It is the end of term and I shall put my ties away. They are not for holidays. Summertime and the living is easy. I shall relish this short release from my daily dilemma: what to wear, and what not to wear.
The suit is pretty much straightforward. Battered certainly, but still serviceable as a uniform. It is the tie that is the problem.
Clothes are apparently all about making an impression. I must often give the impression of a bumbling unco-ordinated oaf - and this despite all the effort I put into selecting the right neckwear.
According to my Year 10 class, I select my ties in the dark. What do they know? They are merely children. They do not know how much thought goes into it. They do not understand the judgements I have to make. It is one of the biggest decisions of the day.
What sort of tie am I going to wear? Or rather, what sort of person shall I be today? Is this an advanced form of schizophrenia, my personality determined by cloth?
I have just the thing for that important meeting. Grey, with a discreet motif. Today I am respectable, a man in control, dispensing wisdom. I will shift large sums of money with barely a sigh. I shall spend my day directing destinies, shaping the future with a calm, knowing smile, respected and respectable. Just like my tie.
But wait. Is today a Disney day? Should I choose instead to be defined by wacky characters? Will I be able to think today only in primary colours? Do I need to think in any other way?
My tie will tell you that I am clearly a man of my people: comfortable, relaxed, approachable, with a ready smile, a cheery joke. See just how much our school is one happy family.
It is not a fashion choice, as my Y10 will quickly confirm.
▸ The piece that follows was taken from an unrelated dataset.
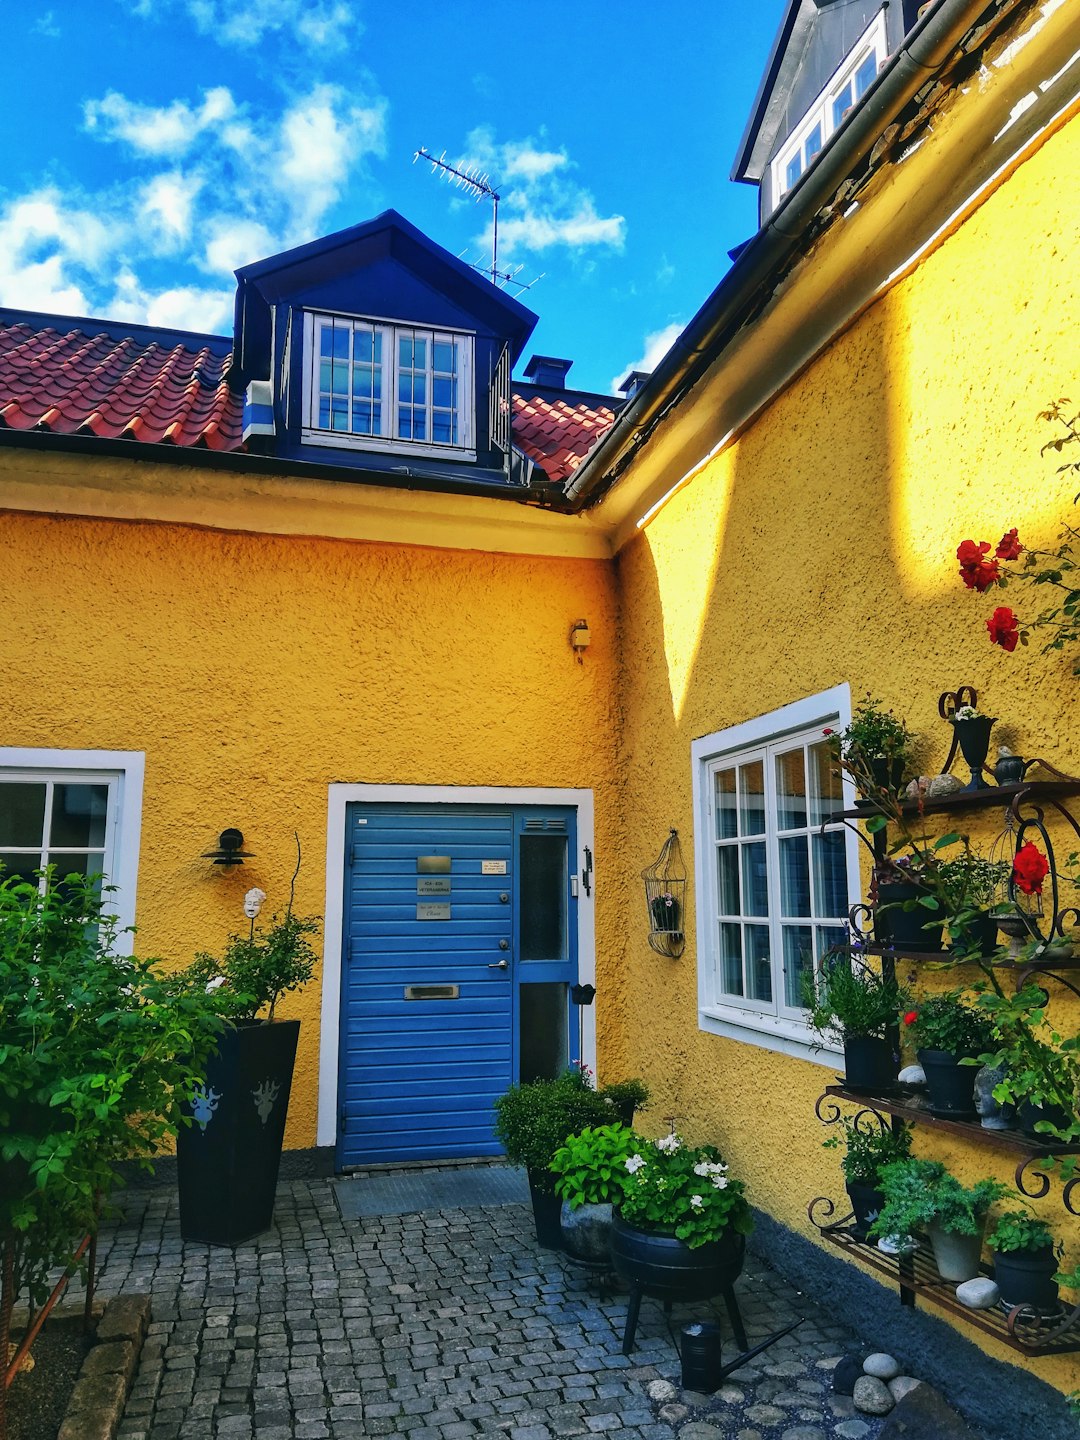 Cottage photo spot Växjö Sweden

It is all about power, politics and identity. It is also about mood.
Our art teacher often sports a tie featuring Munch's famous screaming face.
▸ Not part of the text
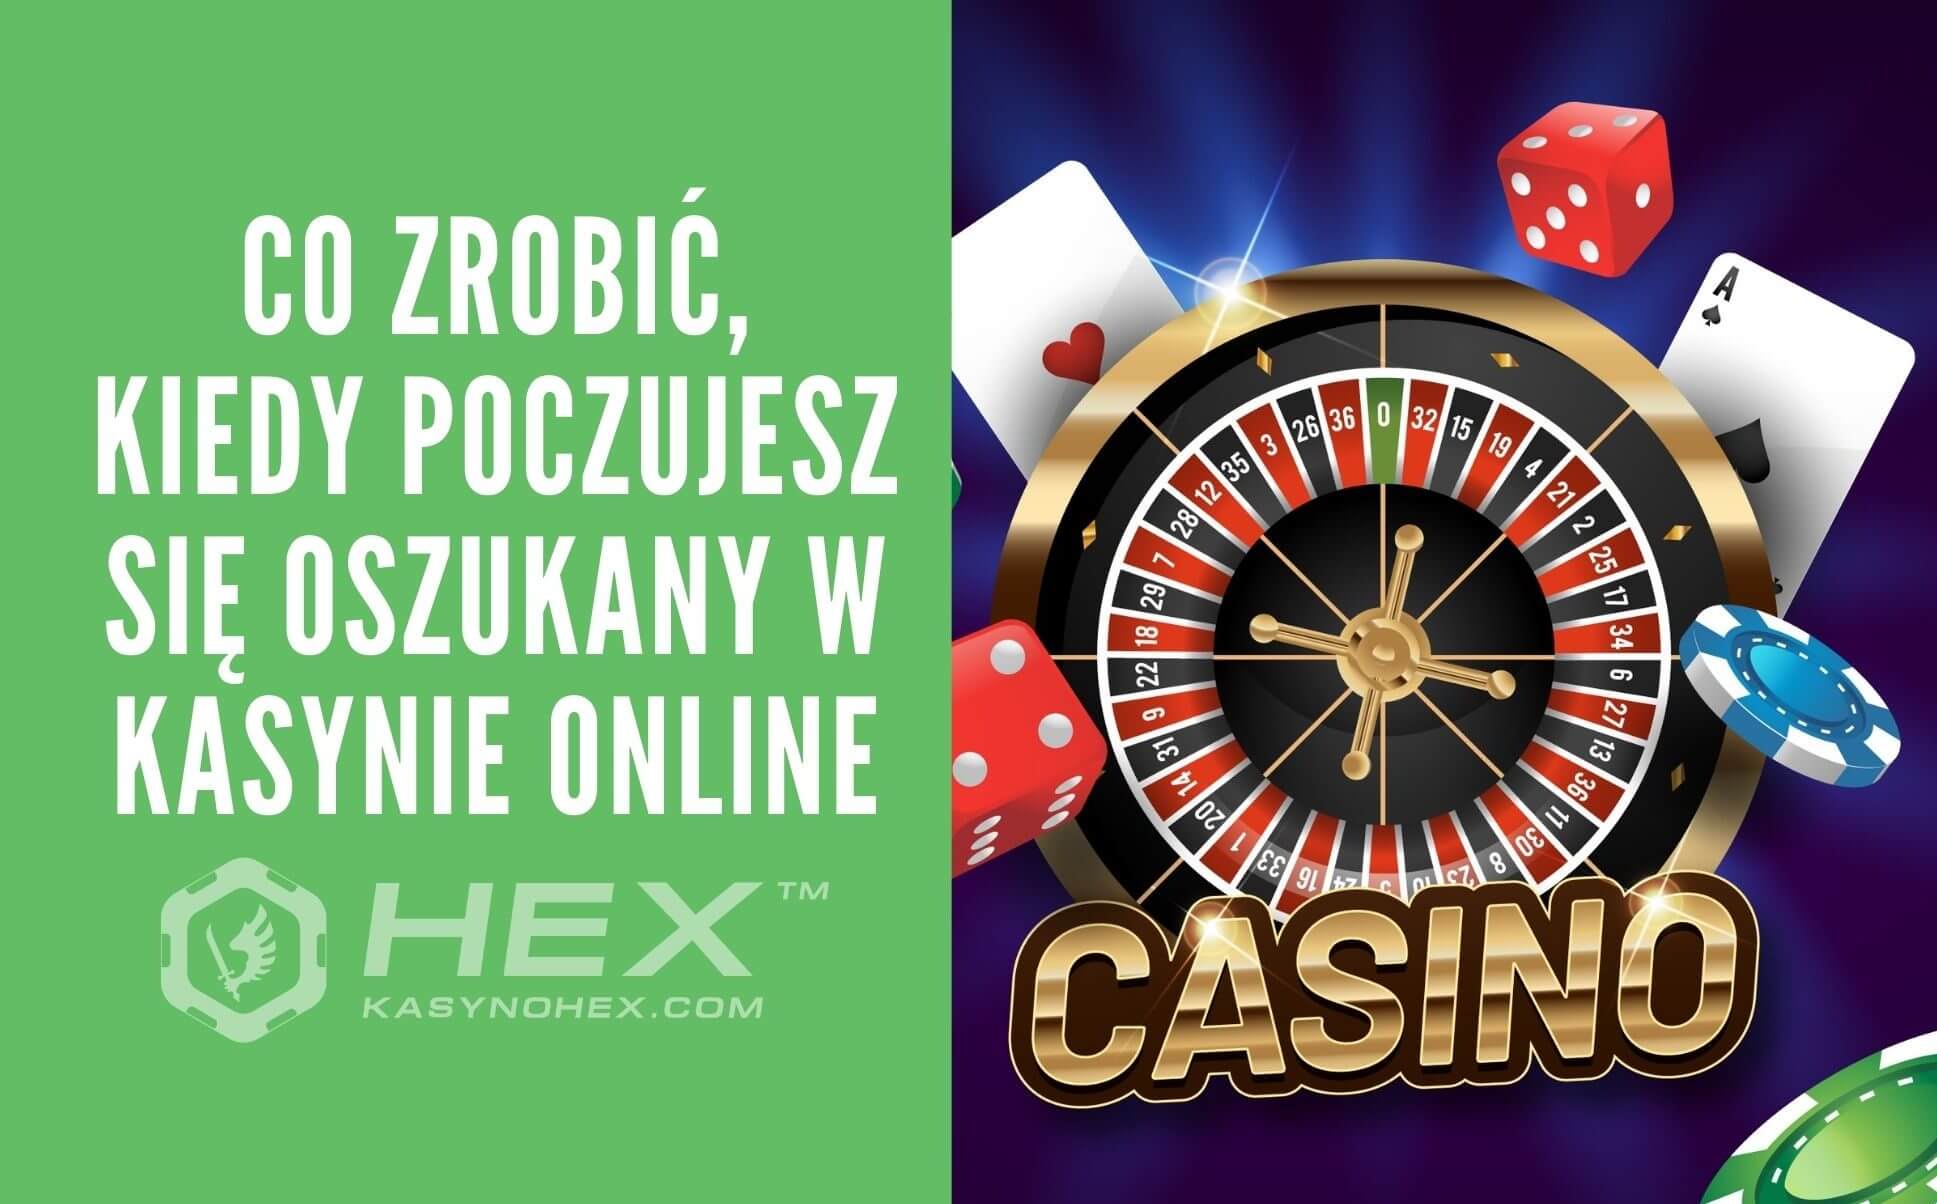 Oto, co powinieneś zrobić dla swojego kasyna online w złotówkach

You can always tell what sort of day he is expecting. His sensitivities will be shredded. "I am an art teacher. Get me out of here."
Perhaps I spy a solution to this daily crisis. Subject specialists should identify themselves through appropriate designs. By their ties shall you know them.
Beethoven? Ah yes, you have come for the music appointment. That man with the Hitler tie? He is a history specialist. At least I hope he is. The head of IT has already started. He has one with all manner of gizmos on it.
Though of course some of them could be soup.
Thinking up an appropriate design for the deputy head should keep the staffroom amused for many happy hours. Mr Bean anyone? Perhaps I can try to influence how you think about me through the selection I make. But I can never know what the day will hold or what is expected of me.
Who must I speak to? Which part of my personality must I lay on the line today? Who will shout at me? Who will I shout at? And do I want them to listen to what I have to say or to stare at my tie?
So in the end I aim always for sober. I do feel rather foolish dealing with an aggressive and abusive parent when I am wearing that special tie with elephants on it that my daughters bought for me. I am always worried that it gives the wrong impression.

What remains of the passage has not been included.